I saw this also in both the level 3 and level 2 facilities where I worked. Postpartum in many ways felt like the "stepchild" in OB. I was one of the few nurses who worked on both units at both hospitals...the first, starting on PP and crosstraining to Labor...the second, starting on L&D and then upon going PRN, working both units. In defense of PP, labor nurses at both hospitals had an attitude for the most part when they were asked to float to PP...acted like they were the "real" OB nurses...if you could not work labor and del, then you were not really on OB nurse. PP nurses did not like the higher stress of labor...were excellent PP nurses...and labor and del nurses got bored on PP. That was my observations at least. The level 3 hosp was a research facility and the nurses would often help obtain info, blood, samples ect for the docs doing research. Often at the end of research, the doc would buy something for the unit...a new frig...microwave..table for the breakroom..type of thing. Well, pp got our old ones...hand-me-downs so to speak...thus contributing to the resentment.

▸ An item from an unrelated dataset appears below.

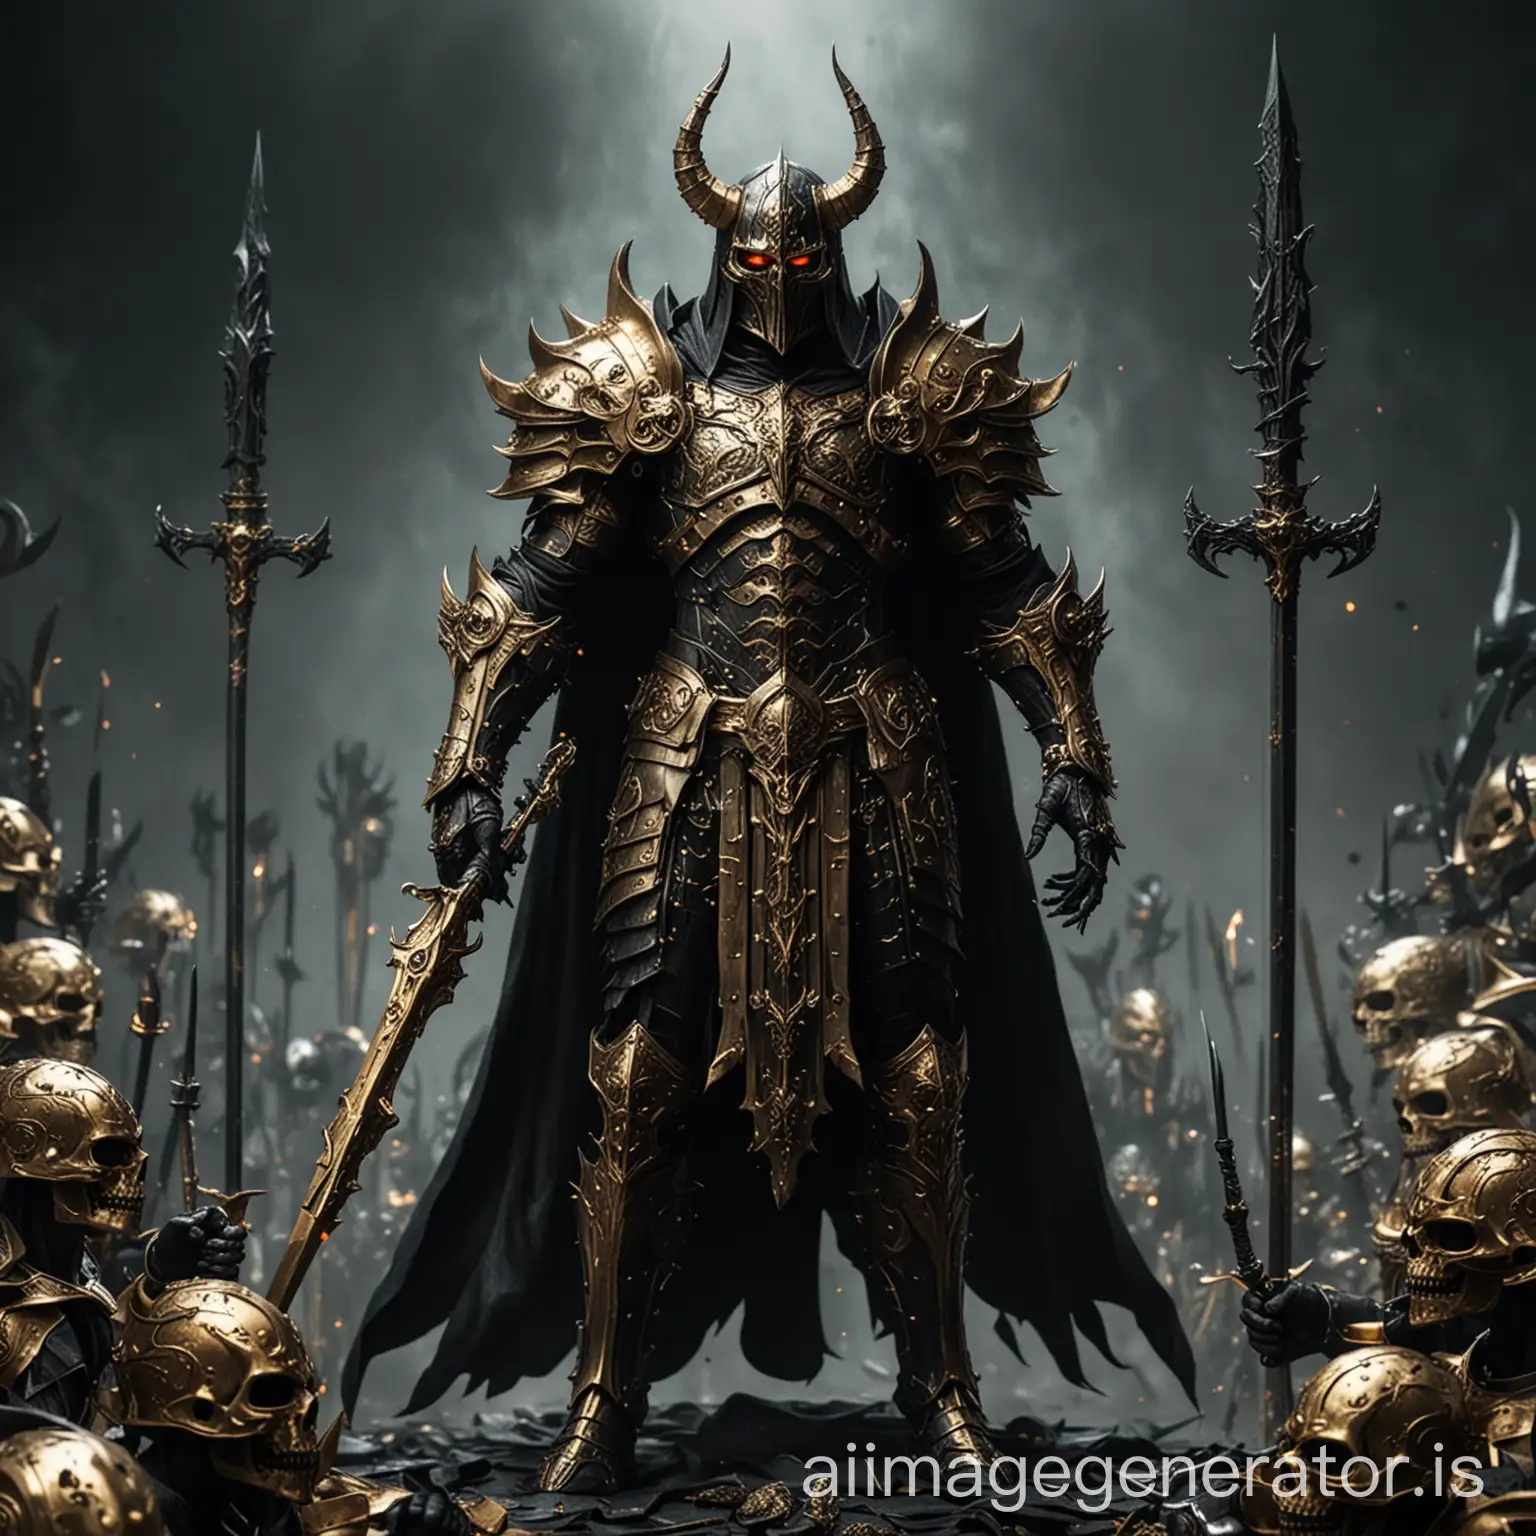 Powerful-Dark-Lord-in-Golden-Armor-with-Weapons

How do you fix this? Not sure....get as many nurses as poss crosstrained. That may help. Break up cliques. Point out the positives of BOTH units....both equally valued and unique. Dont tolerate openly negative attitudes.

hth

tonie

BTW...I dont see this as an issue at all in the lvl 1 facility where i now work, BUT we ALL do everything. We each may have preferences and that can change with the day of the week...lol. But the staff works together VERY well.

We have very distinct units for L&D and PP, with just a handful of people transitioning (long-term) from one to the other. Only our in-house pool staff members go back and forth regularly.

A couple of things that might help are floating and communication.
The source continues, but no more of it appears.